Extratropical cyclones, sometimes called mid-latitude cyclones or wave cyclones, are low-pressure areas which, along with the anticyclones of high-pressure areas, drive the weather over much of the Earth. Extratropical cyclones are capable of producing anything from cloudiness and mild showers to severe gales, thunderstorms, blizzards, and tornadoes. These types of cyclones are defined as large scale (synoptic) low pressure weather systems that occur in the middle latitudes of the Earth. In contrast with tropical cyclones, extratropical cyclones produce rapid changes in temperature and dew point along broad lines, called weather fronts, about the center of the cyclone.

Terminology

The term "cyclone" applies to numerous types of low pressure areas, one of which is the extratropical cyclone.

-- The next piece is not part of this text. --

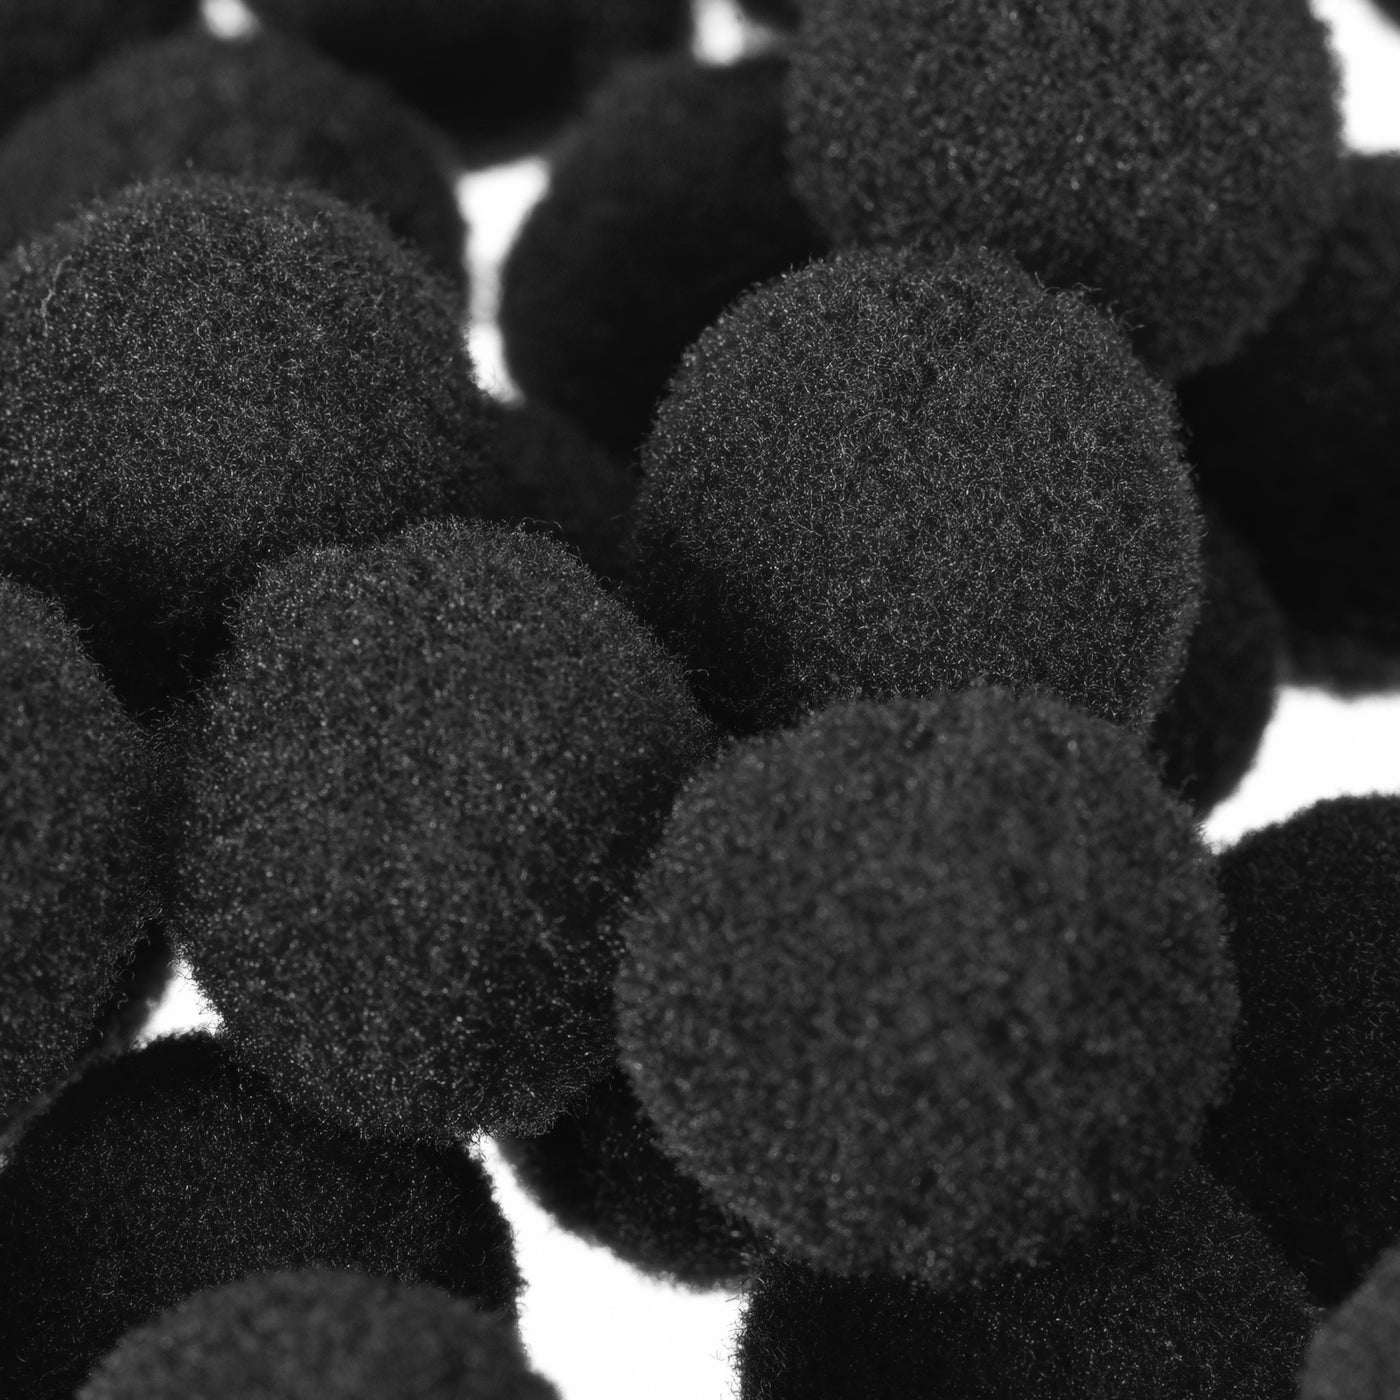 Harfington Pom Felt Balls Fabric 1.5cm 15mm Black for Crafts Project DIY 100 Pcs

The descriptor extratropical signifies that this type of cyclone generally occurs outside the tropics and in the middle latitudes of Earth between 30° and 60° latitude. They are termed mid-latitude cyclones if they form within those latitudes, or post-tropical cyclones if a tropical cyclone has intruded into the mid latitudes. Weather forecasters and the general public often describe them simply as "depressions" or "lows". Terms like frontal cyclone, frontal depression, frontal low, extratropical low, non-tropical low and hybrid low are often used as well.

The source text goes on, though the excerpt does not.